_TASK OBJECTIVE_.
Pictures appear among the records below and must be omitted. Repeat exactly the lines from the line with "Pret A Manger" to the line with "Ultratenké TPU gelové", both included.
:: INPUT MATERIAL
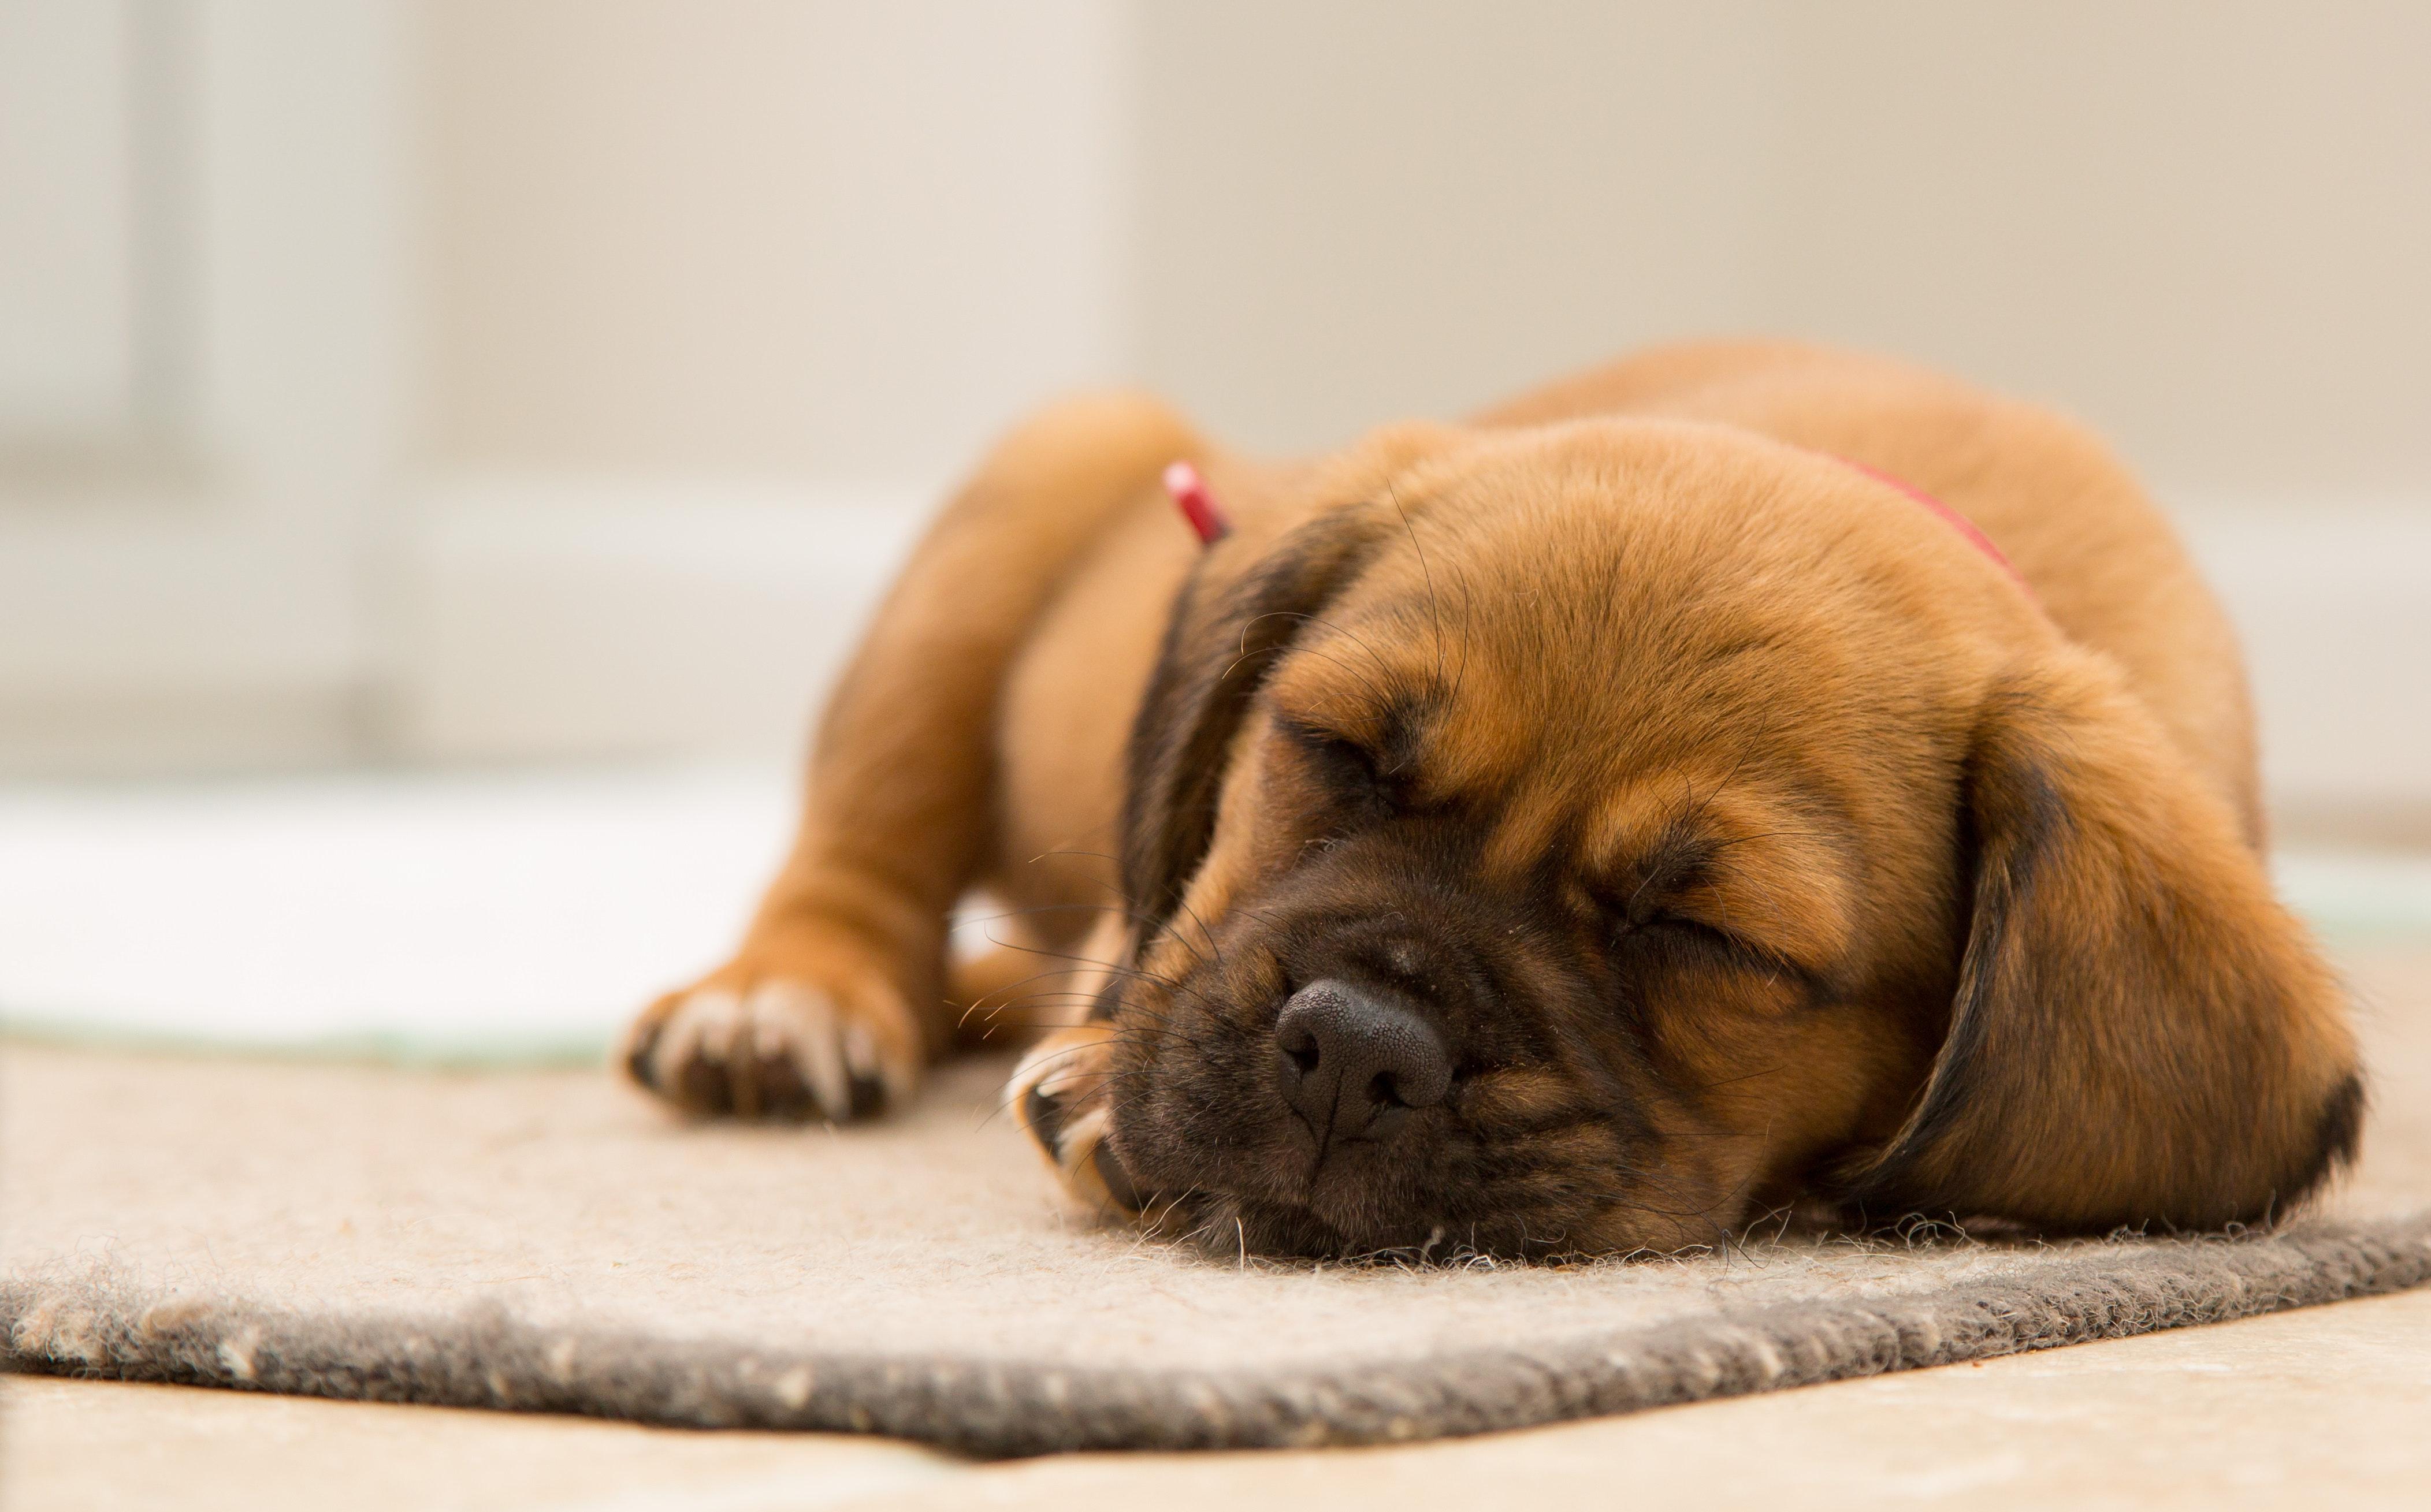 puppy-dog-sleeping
::::
:: INPUT MATERIAL
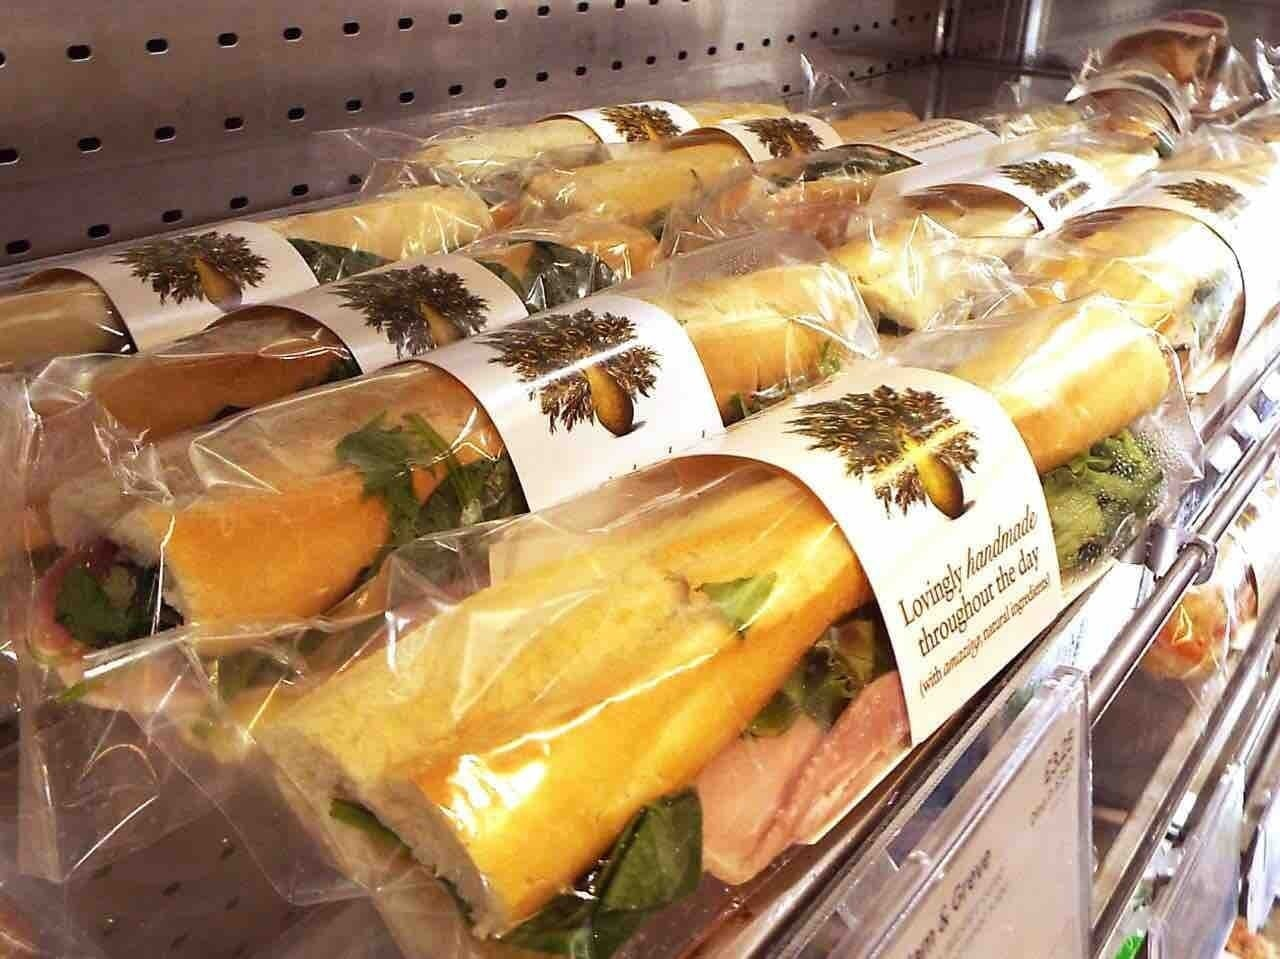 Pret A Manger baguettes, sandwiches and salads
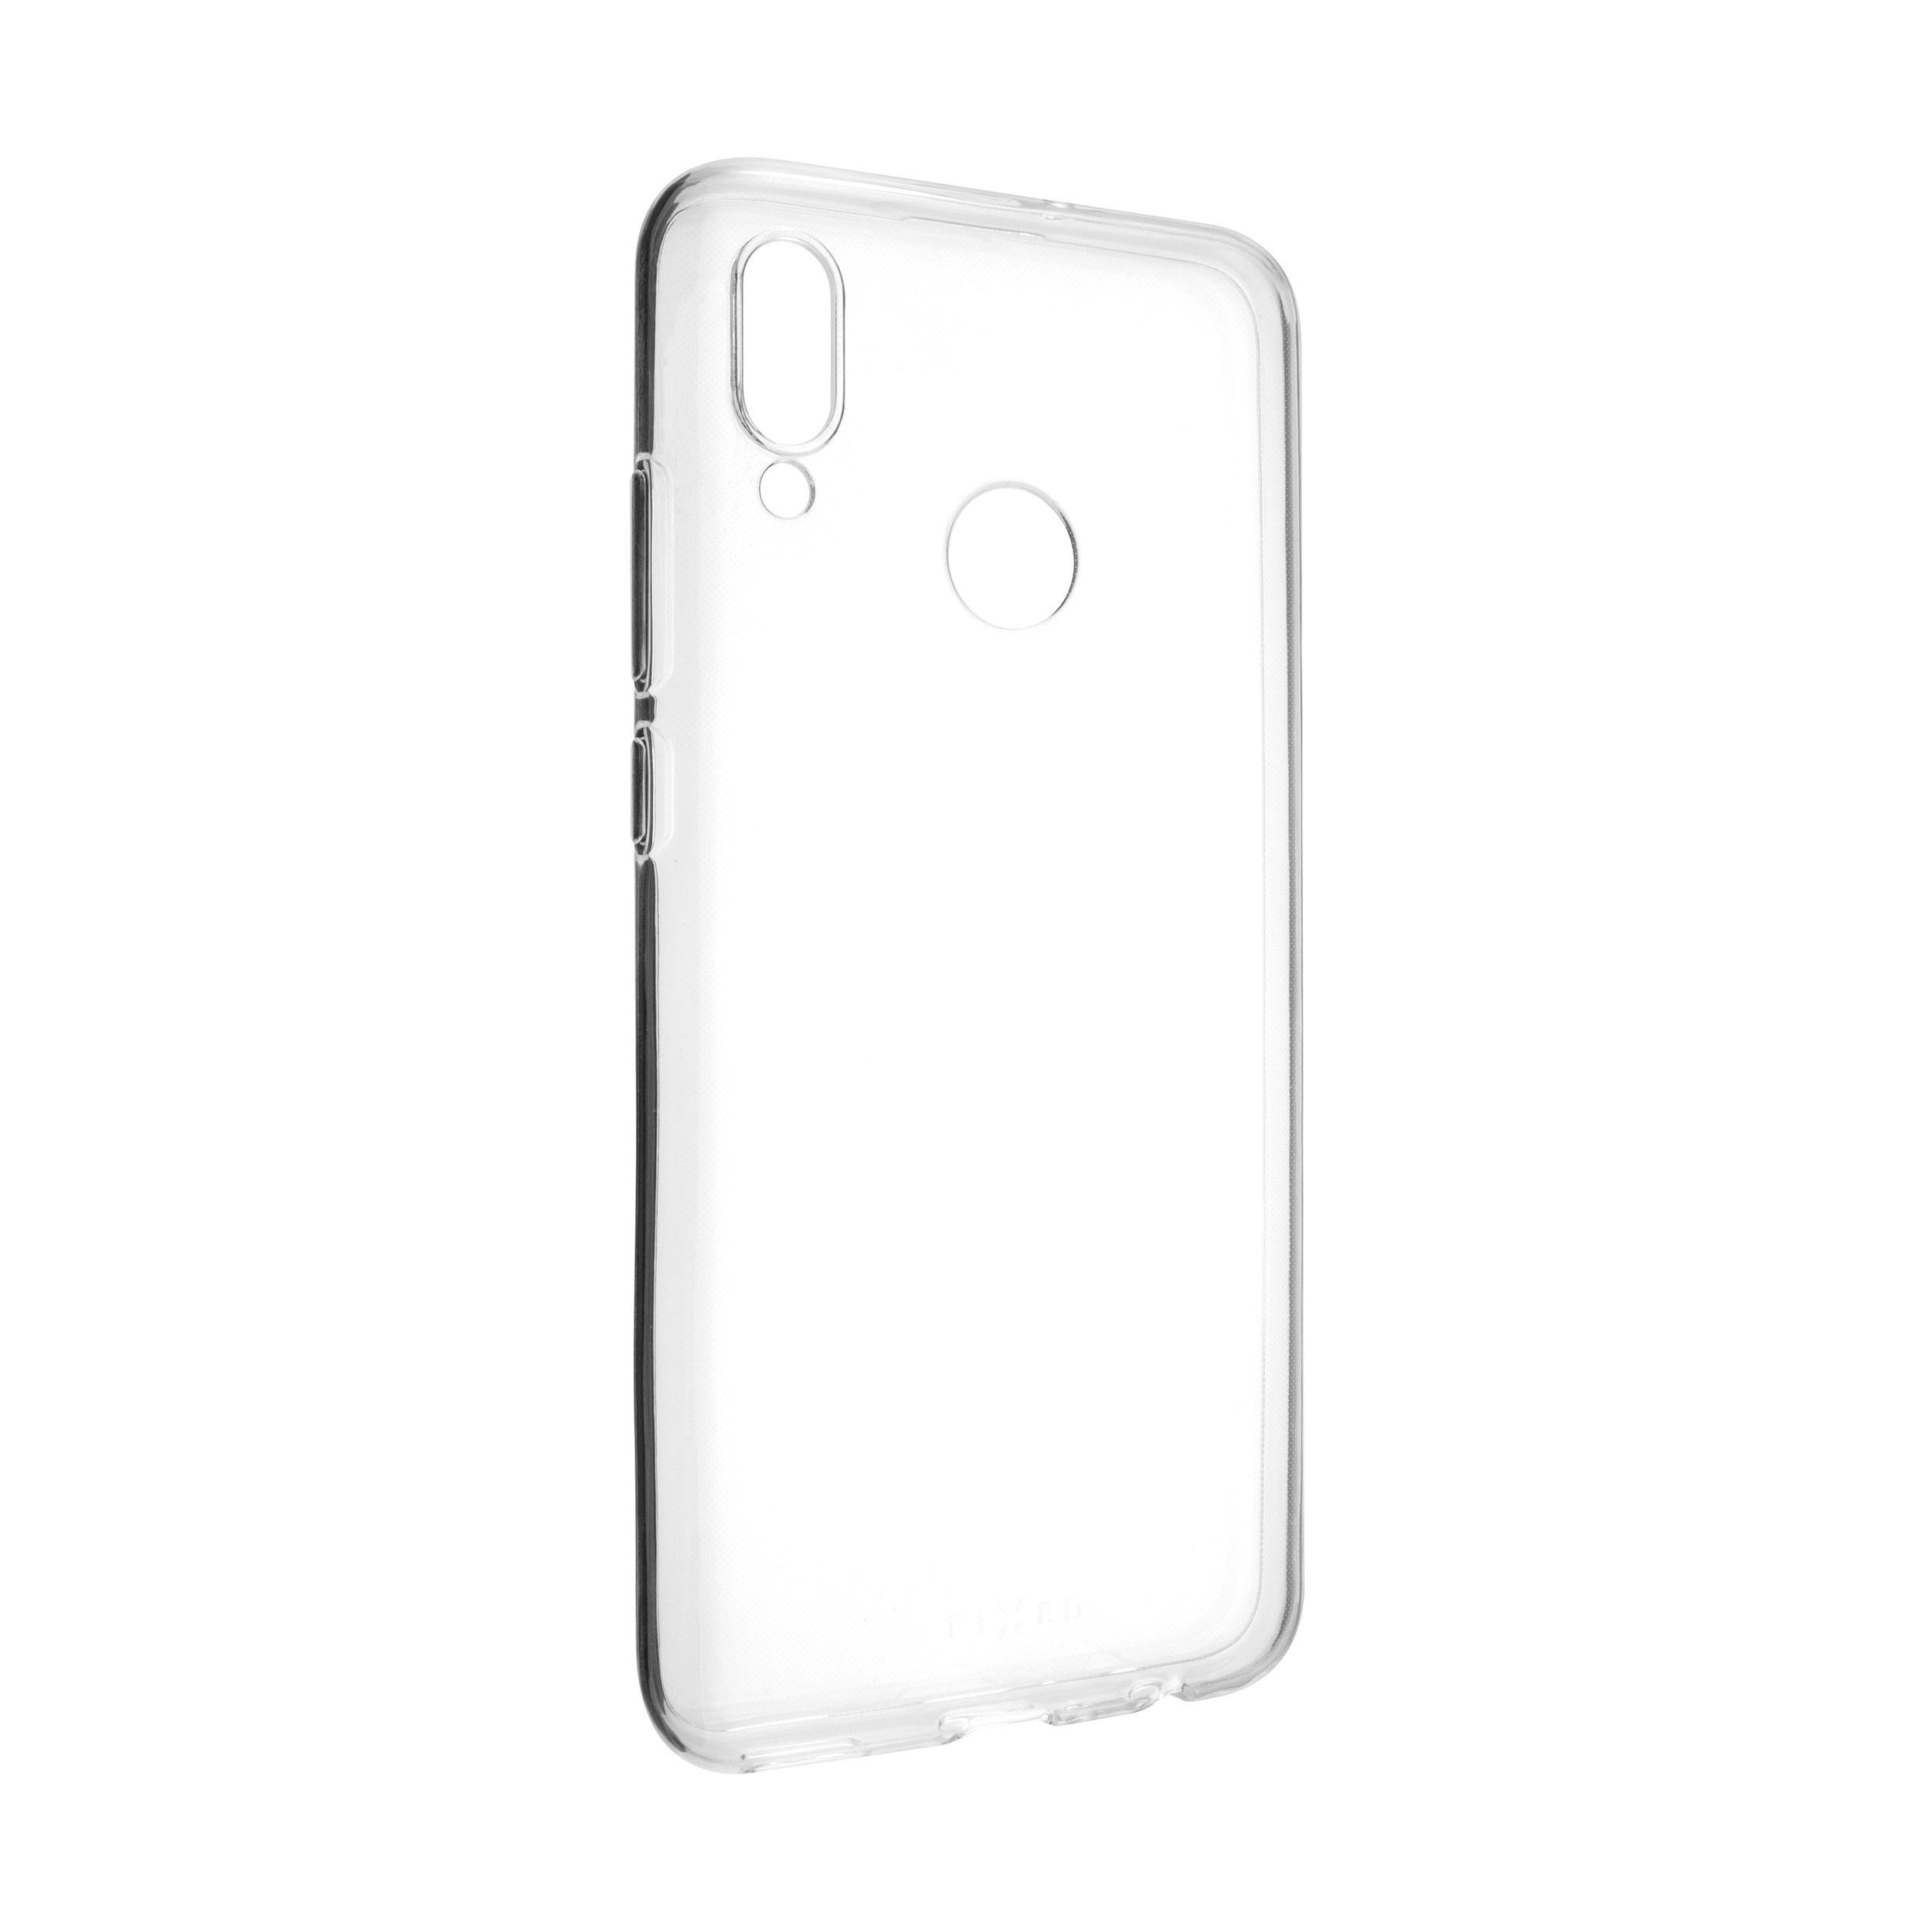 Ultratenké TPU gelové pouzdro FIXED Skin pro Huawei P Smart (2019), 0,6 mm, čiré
::::
_WRITTEN REPLY_.
 Pret A Manger baguettes, sandwiches and salads
 Ultratenké TPU gelové pouzdro FIXED Skin pro Huawei P Smart (2019), 0,6 mm, čiré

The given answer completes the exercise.